Estonia Calms Fears of Crypto Crackdown

Estonia Calms Fears of Crypto Crackdown

The Estonian Ministry of Finance has issued a statement and FAQ to calm fears of a crackdown on cryptocurrencies within the country.

The statement refers to draft legislation introduced by the Estonian government on Dec 23 that aims to “more effectively regulate virtual asset service providers (VASPs) to mitigate the risk of financial crime.” It stresses that the regulation only applies to VASPs, and does not preclude individuals from owning or trading virtual assets through their own private wallets. 

“However, accounts opened with Estonian VASPs cannot be anonymous and Estonian VASPs cannot offer anonymous accounts or wallets,” the statement explains. Accordingly, VASPs must identify customers for whom they facilitate transactions, “similarly to bank transfers,” and must implement risk analysis if such information is not received. The legislation is currently pending and awaits approval from the country’s Parliament.

Crypto landscape in Estonia

Estonia saw a surge in crypto-related businesses after becoming one of the first countries to grant cryptocurrency licenses in 2017. However, roughly 2,000 licenses have been revoked since then, with only around 400 companies retaining them, following the sector coming under greater regulatory scrutiny in 2019. This was caused by allegations that billions of dollars of illicit funds had passed through the local unit of ​​Denmark’s largest bank in 2018. 


The new regulations have come in anticipation of the country’s review of its money laundering policies expected this quarter, in line with similar actions by the Council of Europe.
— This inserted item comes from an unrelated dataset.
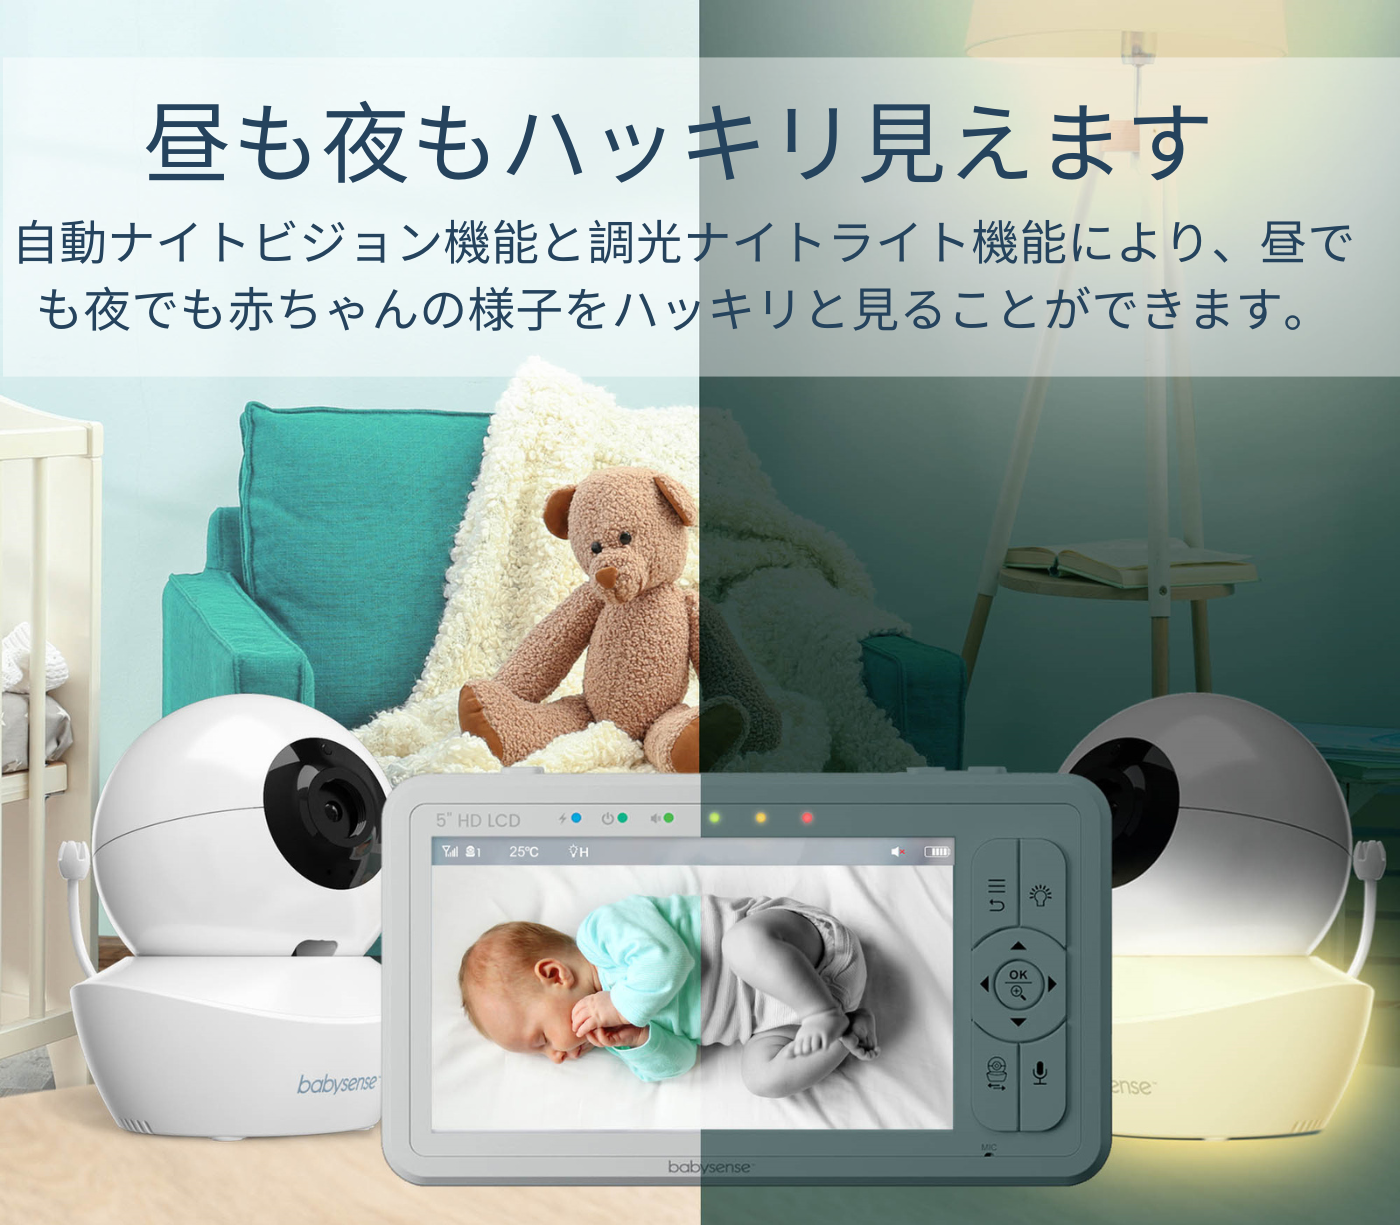 防犯カメラ【新品未開封！】babysense HD S2 ベビーモニター 見守りカメラ2台

In light of the upcoming review, Matis Maeker, the director of Estonia’s Financial Intelligence Unit (FIU), which can grant and revoke crypto licenses, had previously stated that all licenses would be rescinded, which would require companies to reapply across the board. However, his spokesman later clarified that this was not the official view of the EU and the Estonian government would not be pursuing this course of action.